# Elbow Problem



## Isargle (Mar 19, 2013)

Gday all. 
Was shooting the other day with my girlfriend and she told me that my draw arm elbow is up too high. i tried to lower it but then my shoulder goes up and i look like the hunchback of nautradam. Hahah!! Any tips on how to keep it all in line? I understand finger position can affect the position of the draw arm and i have three fingers under.  Would this be a problem?
Cheers.


----------



## ceallred (Nov 25, 2012)

My wife was just saying the same to me.
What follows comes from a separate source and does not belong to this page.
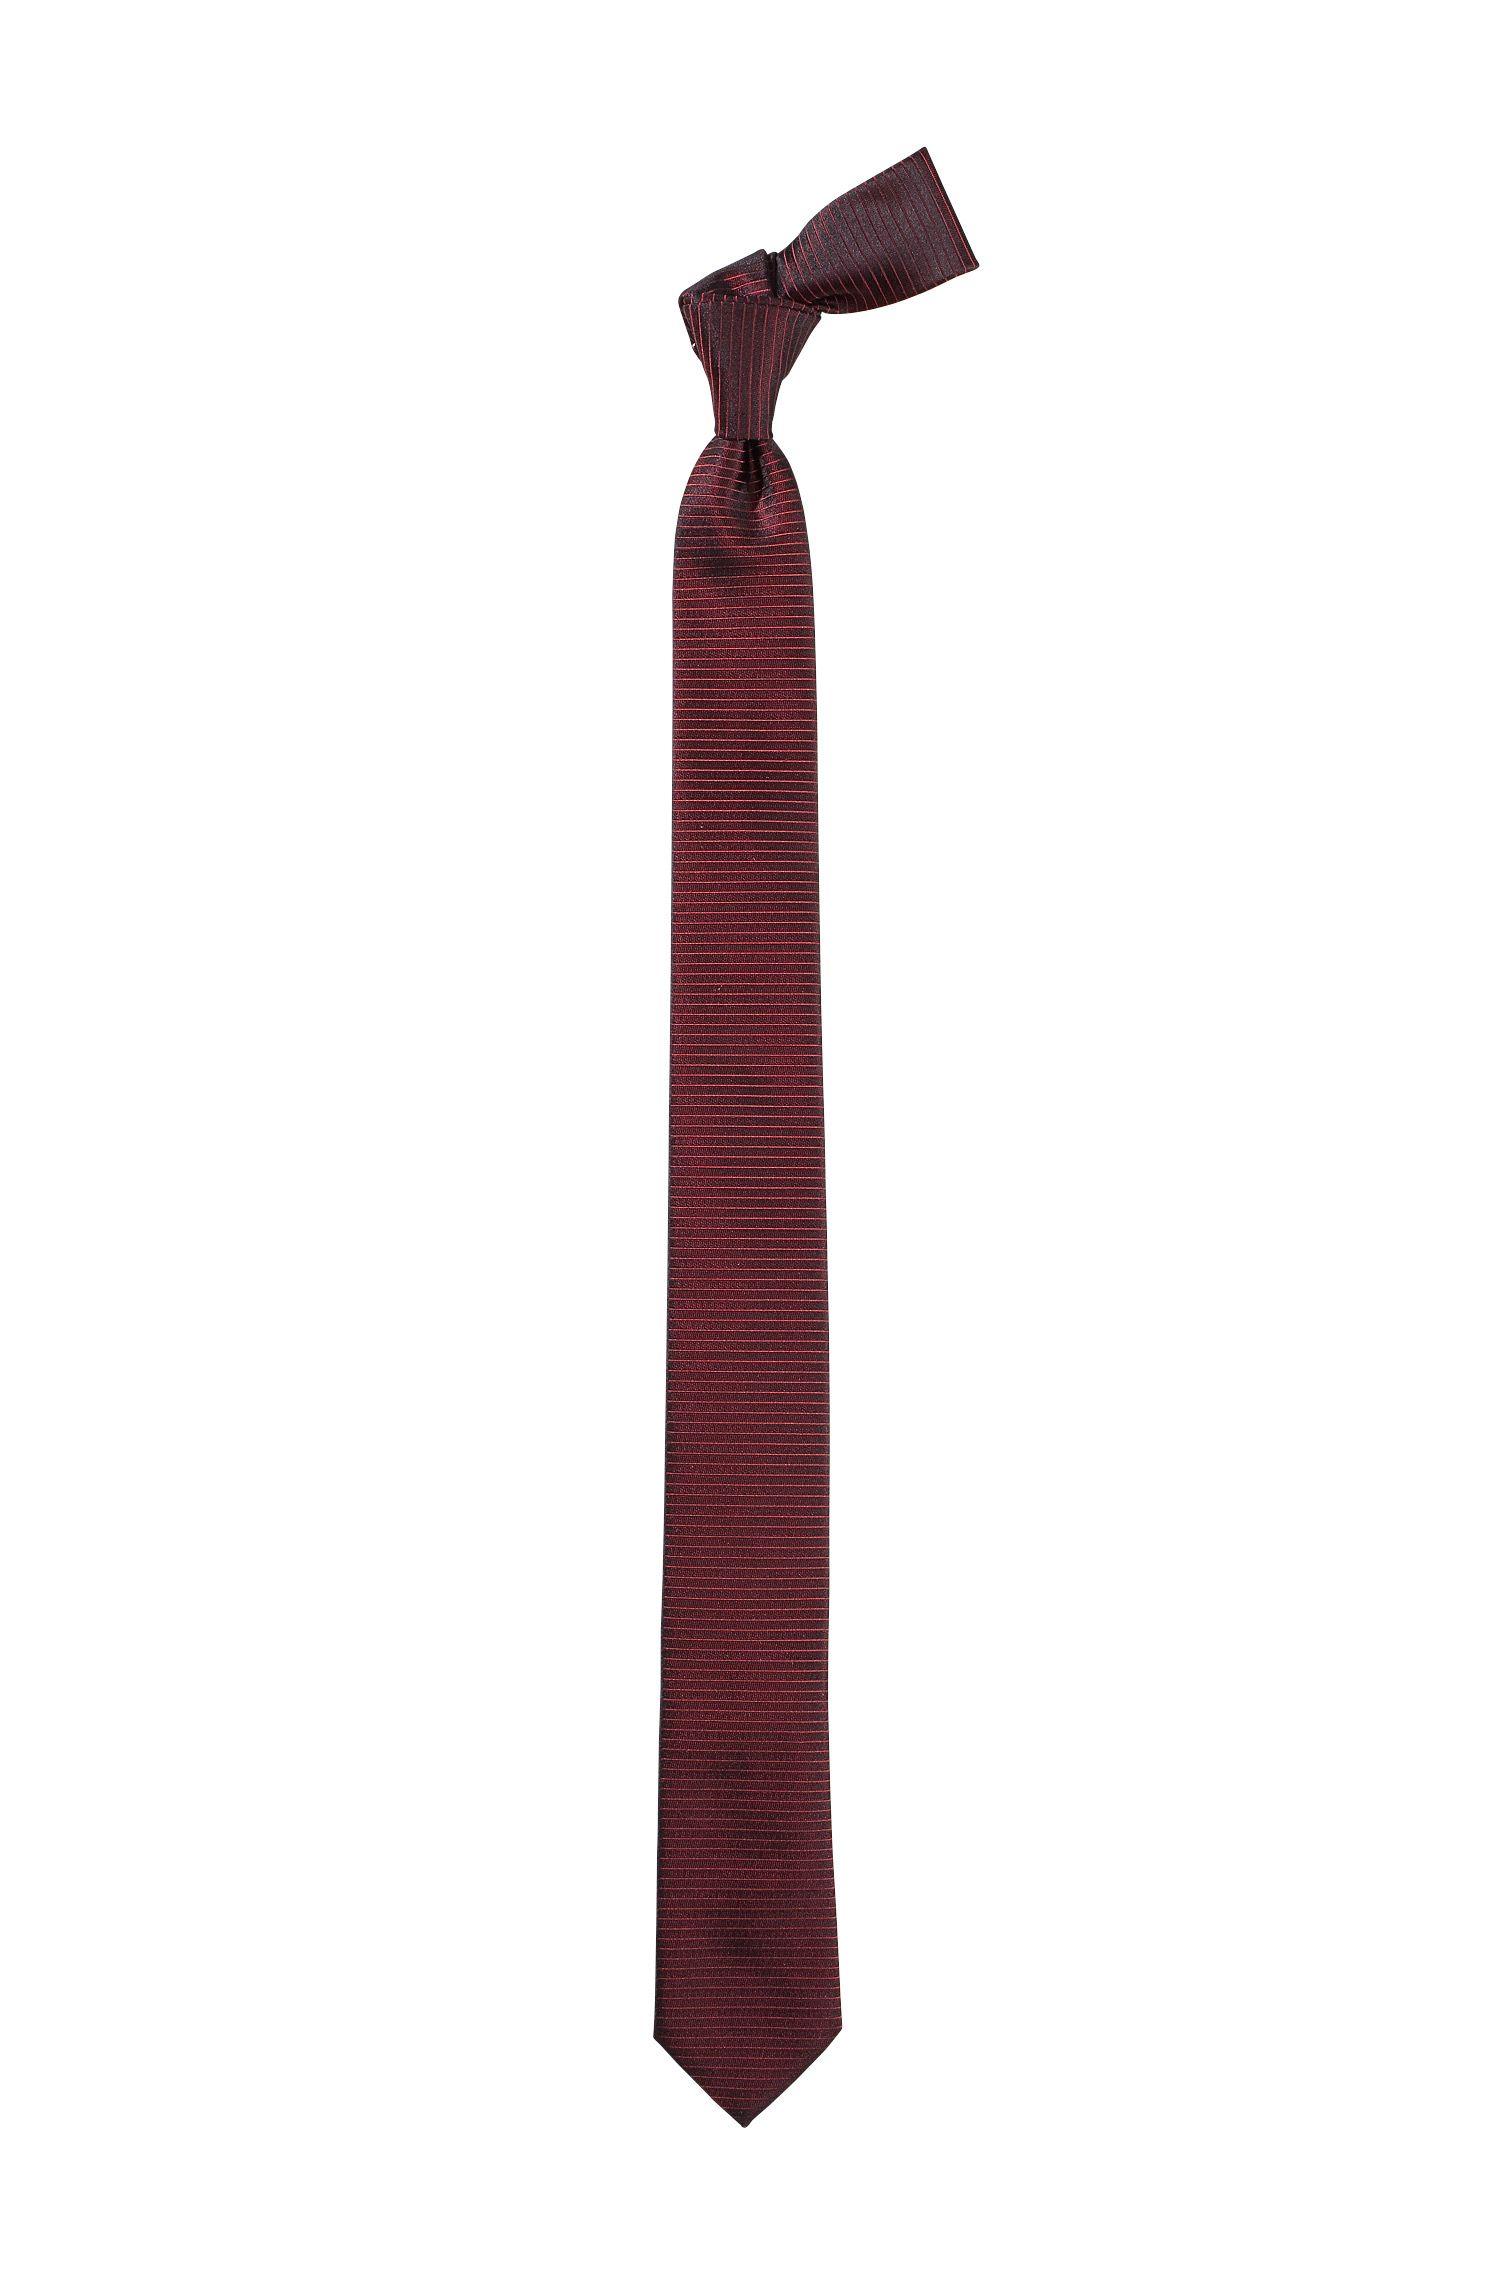 Krawatte ´TIE CM 4,5` aus Seide

Looking forward to hearing/reading any responses


----------



## mike 66 (Jan 21, 2010)

:shade: ok im guessing your both finger shooters, i see lots of finger shooters that can not get the elbow in line to get a good [T] with the form.. first off not everyone is made the same..some people just cant get the elbow down... so i work around it ..the tip of the elbow should be in direct line behind the arrow shaft and in line with the bow hand...if the elbow is way outside...it will make you pull your release hand away from your face , like plucking the string. if the elbow is inside it can make you torque.because you use more muscles in the arm.and shoulder ....the big thing i watch is the wrist on the bow hand it should line up [ not bent] and be in line with the arrow shaft so it pulls back in line perfect.the compound shooters like everything in line perfect so they can get the right muscle groups working for better shooting so they can duplicate it.. the RHOMBOIDS... in general the tip of the elbow should be as high as your nose..in line with the arrow shaft...but you gotta watch the wrist close..this eliminates muscles from the elbow forward.also you may need to open your stance to get you lined up keeping you eye over your belt buckle or belly button. to get the perfect T, and your draw lg. will come into action to i have seen people who added a 2 inch loop just to get the elbow down to get a perfect T.. because they found when you have it perfect your sight picture is MUCH STEADIER so watch the draw lg real close...so my opinion.a high elbow is ok as long as the t is perfect and in line . hope this helps..mike


----------



## Isargle (Mar 19, 2013)

Cheers mate. Will put them tips too the test.


----------